Разговаривая, он медленно приближался к Друзилле, сидевшей возле камина. Наконец он оказался перед ней — огромный, широкоплечий, он стоял и смотрел на нее.
— Не слишком ли вы молоды, мисс Морли, для такой работы?
— Милорд, я занимаюсь воспитанием детей уже два года.
— У вас рыжие волосы, мисс Морли. Это в некоторой степени противоречит вашему смиренному тону.
— Мне очень жаль, что… тон моих волос… неприятен вашей светлости.
— Мне не нравится цвет ваших волос. — Его голос стал зловещим. — Считается, что женщины с такими волосами очень эмоциональны, что внутри них горит огонь страсти
— Но ведь никому не хотелось бы, чтобы гувернантка обладала подобными качествами, милорд.
При этих словах она подняла на него полный упрека взгляд. Но, увидев его глаза, она напряглась, охваченная страхом, и внезапная волна ужаса железной рукой схватила сердце и сдавила горло.
Какое-то мгновение он молча смотрел на нее, потом резко повернулся и вышел. У нее возникло впечатление, что все это время ему с большим трудом удавалось держать себя в руках.
И она поняла, что долгожданному покою, обретенному ею после стольких скитаний, пришел конец, ощущение безопасности исчезло, и ею вновь овладел страх — страх, подобного которому она никогда раньше не испытывала.
Дни проходили за днями, и ничего особого не происходило; однако она понимала, что это только вопрос времени, и взгляды, бросаемые на нее лордом Уолденом, и надуманные причины, которыми он объяснял детям свое присутствие на прогулках, служили лишним доказательством ее правоты.
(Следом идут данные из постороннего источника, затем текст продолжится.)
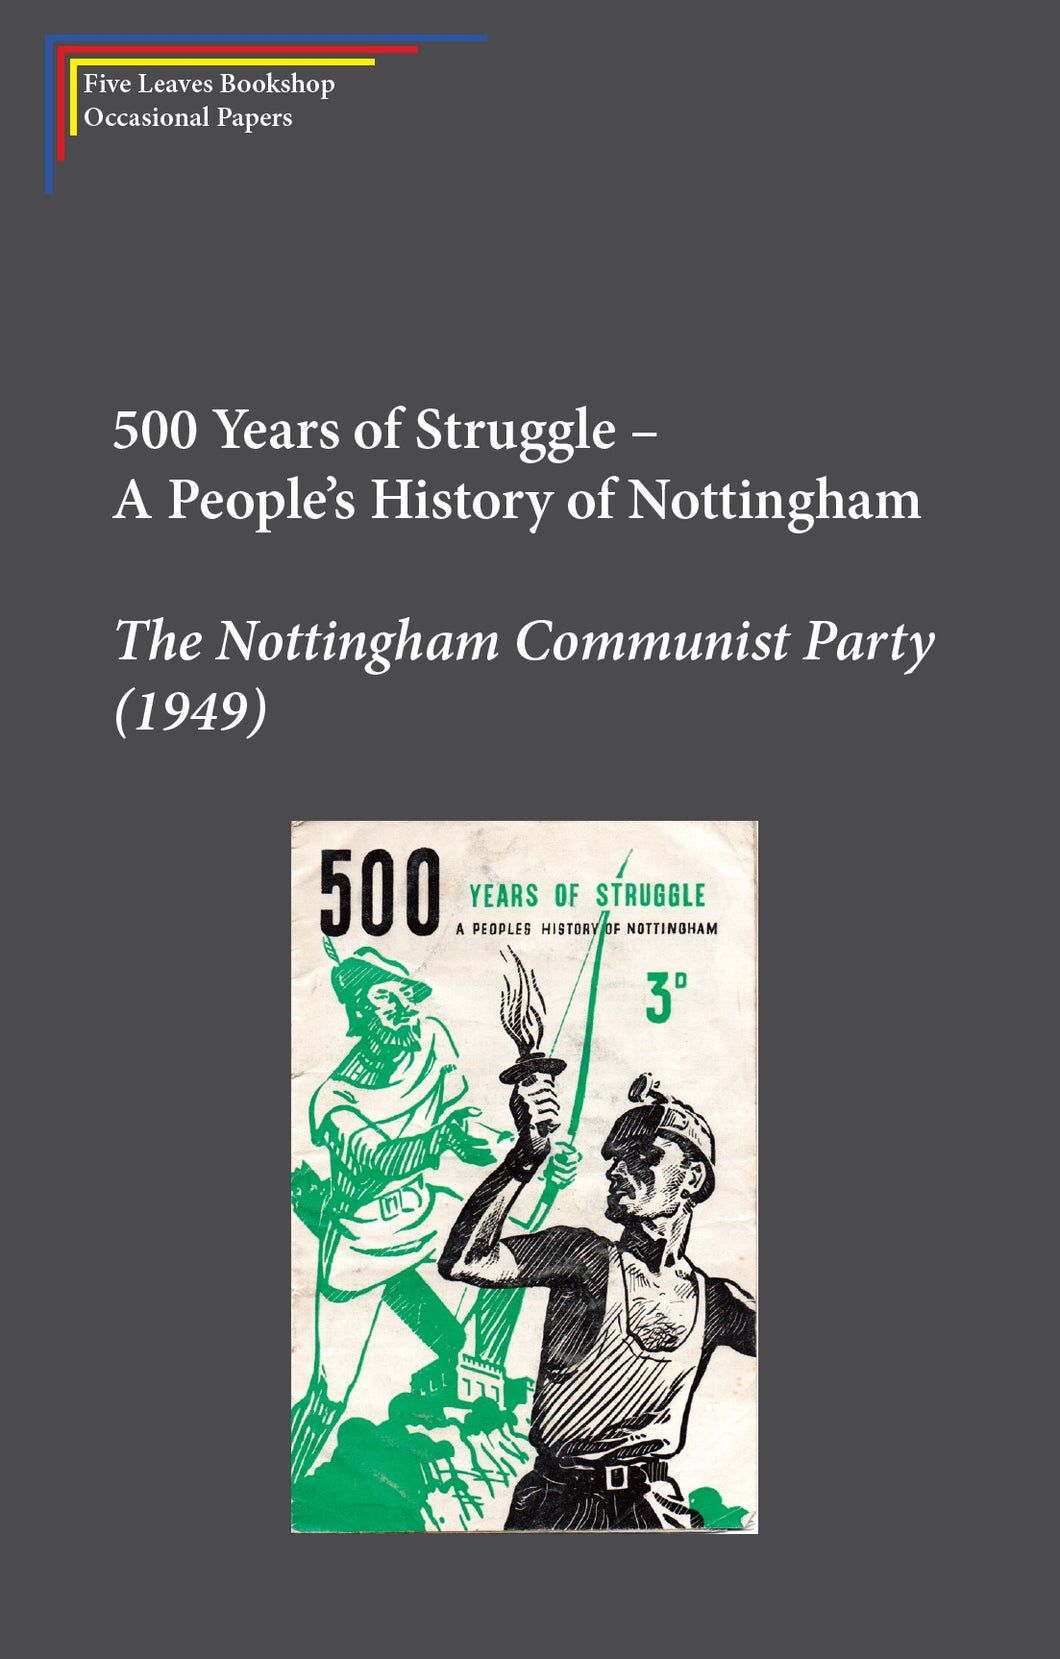 500 Years of Struggle: A People’s History of Nottingham

Она спрашивала себя, что ей делать. Уехать она не могла, ей некуда было пойти. Если она попросит расчет, ей придется отправиться в бюро по найму домашней прислуги, где ей уже сообщили, что найти работу гувернантки практически невозможно, так как у нее нет рекомендаций, и к тому же она слишком быстро увольнялась с предыдущих мест.
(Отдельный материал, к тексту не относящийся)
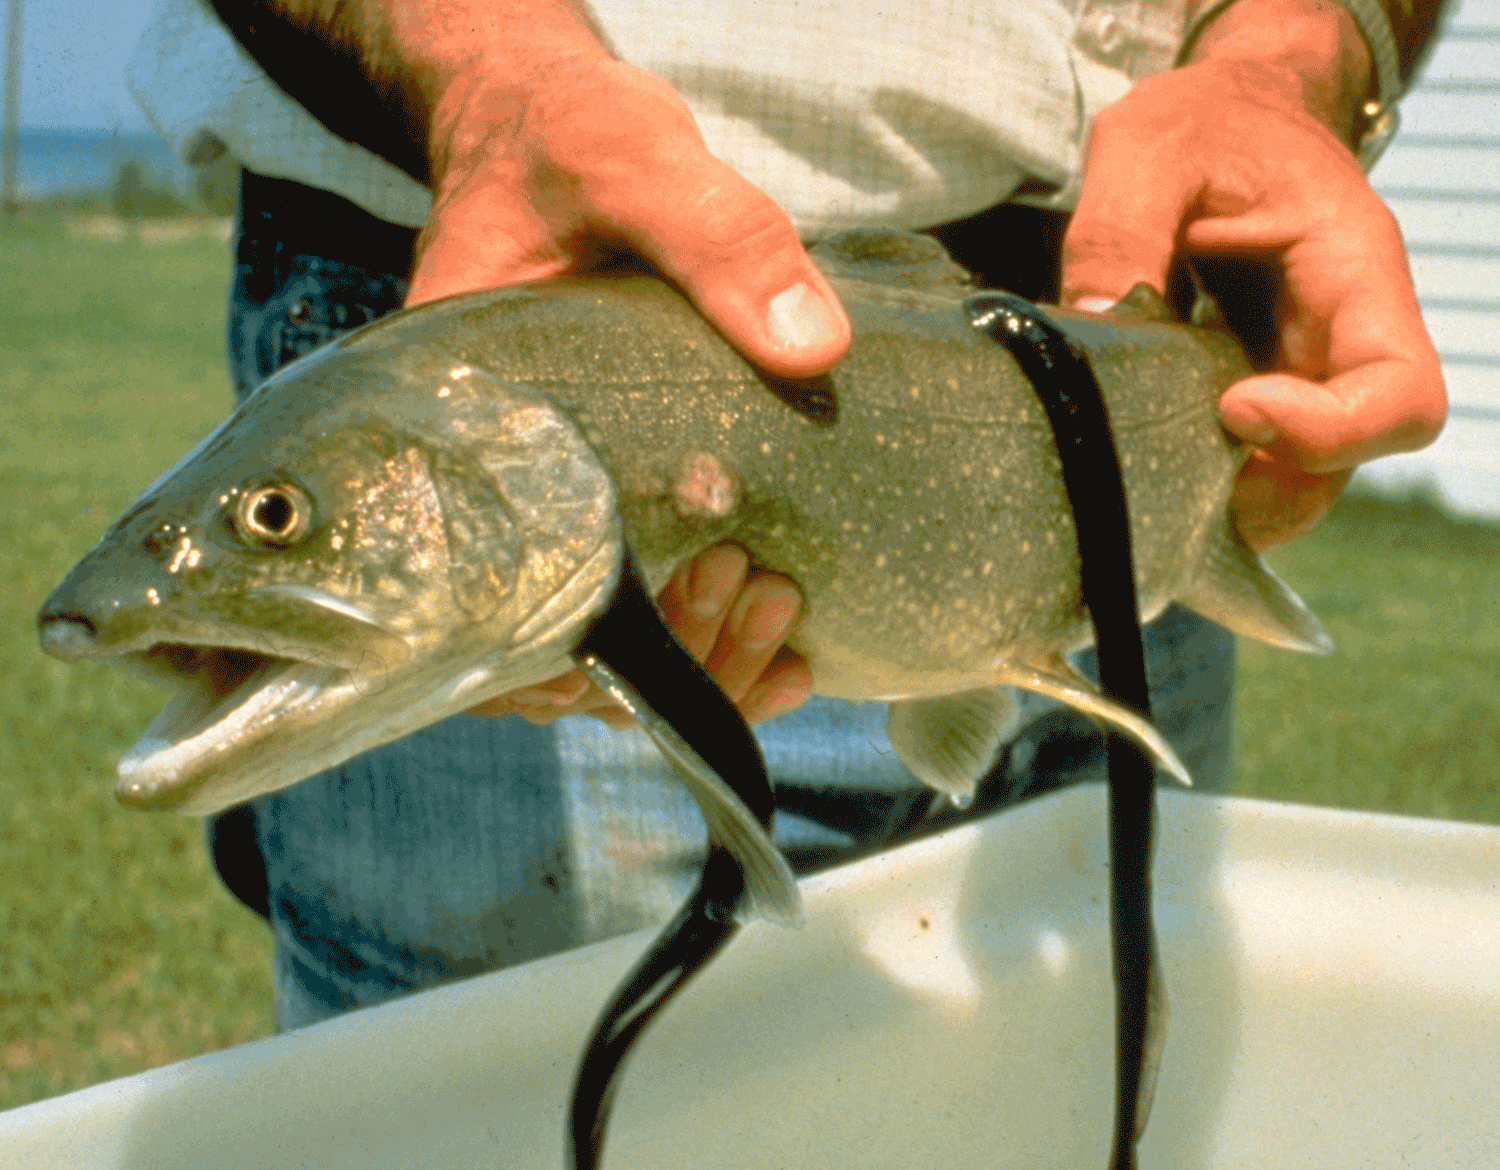 Photograph of two lampreys attached to a lake trout.

Однажды — дело было в конце марта — она собиралась уже ложиться спать, но тут ей сообщили, что ее хочет видеть леди Уолден.
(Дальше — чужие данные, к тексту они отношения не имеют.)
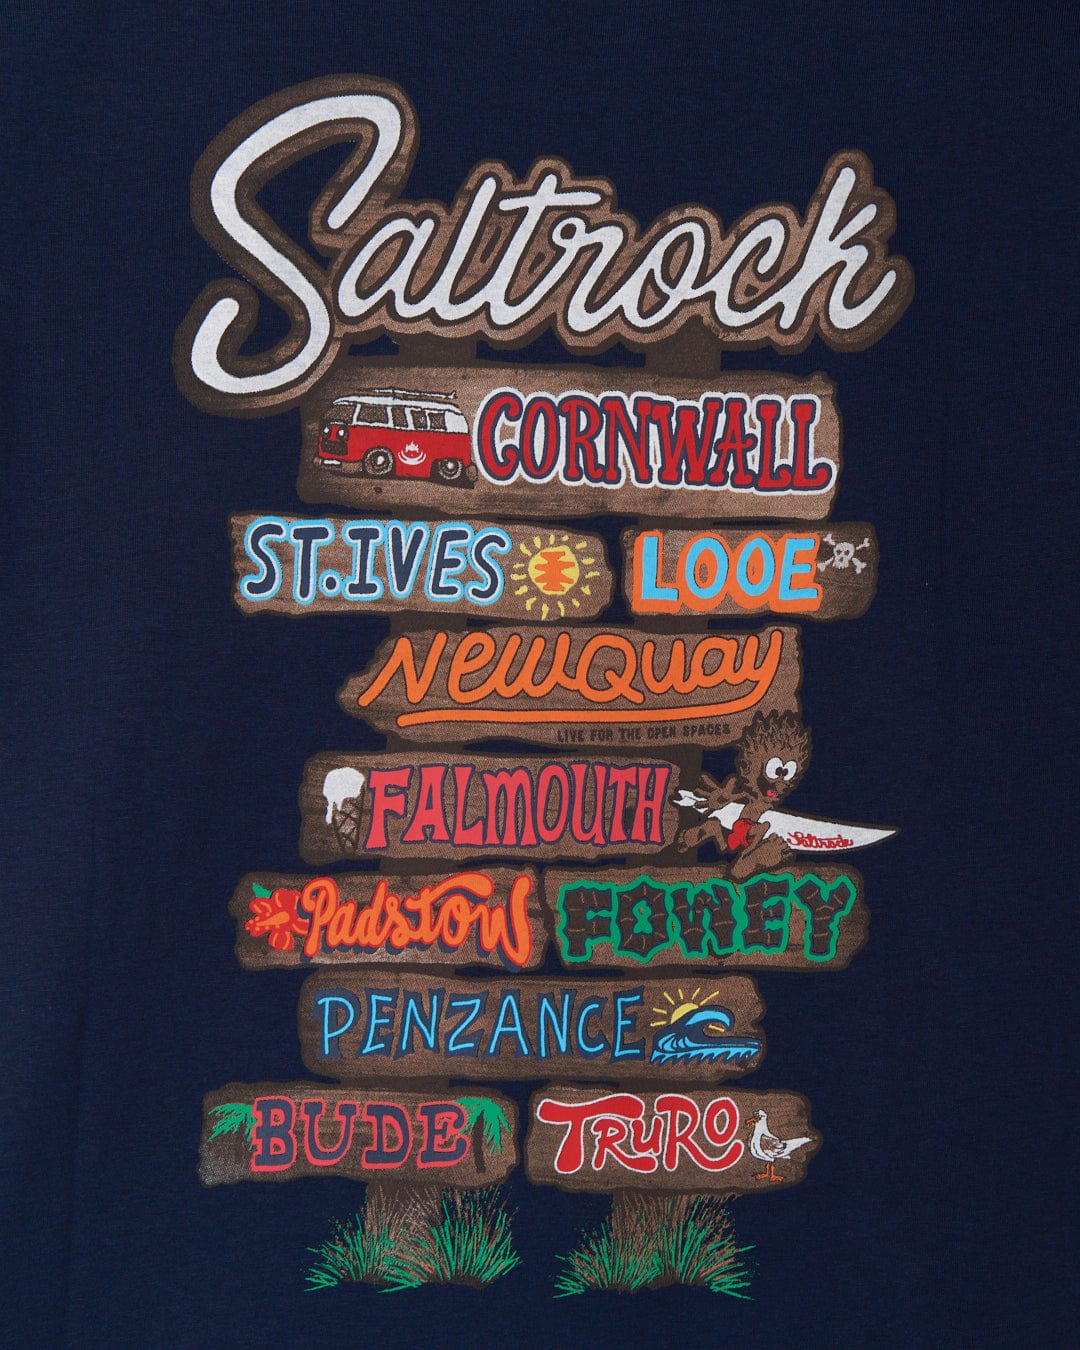 A beach Signs Cornwall t-shirt from Saltrock, featuring peached soft hand feel.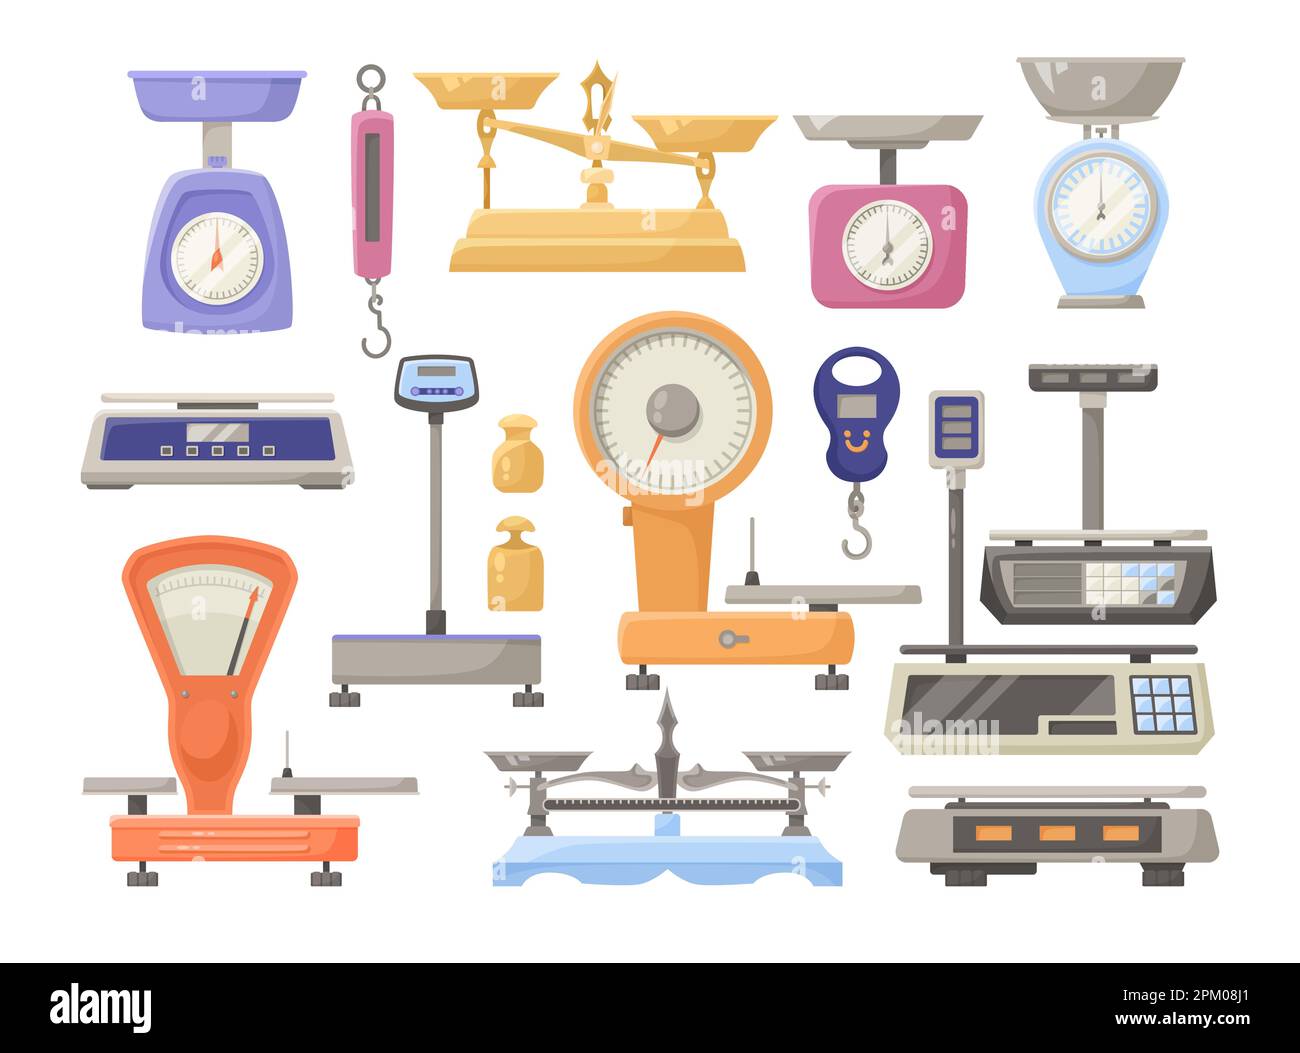 https://c8.alamy.com/comp/2PM08J1/different-scales-for-store-or-kitchen-vector-illustrations-set-2PM08J1.jpg

— В десять вечера?! — воскликнула Друзилла.
Экономка сказала:
— Я помогала горничной ее светлости стелить постель, и ее светлость сказала: «Передайте мисс Морли, что я хочу поговорить с ней».
— А его светлость там был? — спросила Друзилла.
— Он был в соседней комнате, — ответила экономка. — Я видела его.
Друзилла колебалась. Может, набраться храбрости и сказать, что она уже легла спать? Но Друзилла понимала, что это бесполезно. Она оглядела классную.
В камине пылал огонь, горела свеча, и от этого комната казалась очень уютной, своего рода убежищем, которое ей все же придется покинуть: экономка ждала ее.
— Хорошо, — сказала Друзилла. — Я иду.
Она закрыла за собой дверь и пошла по коридору. Она пыталась представить, зачем леди Уолден послала за ней, но ничего не приходило ей в голову, она не могла припомнить каких-либо неприятностей с детьми или своих собственных упущений.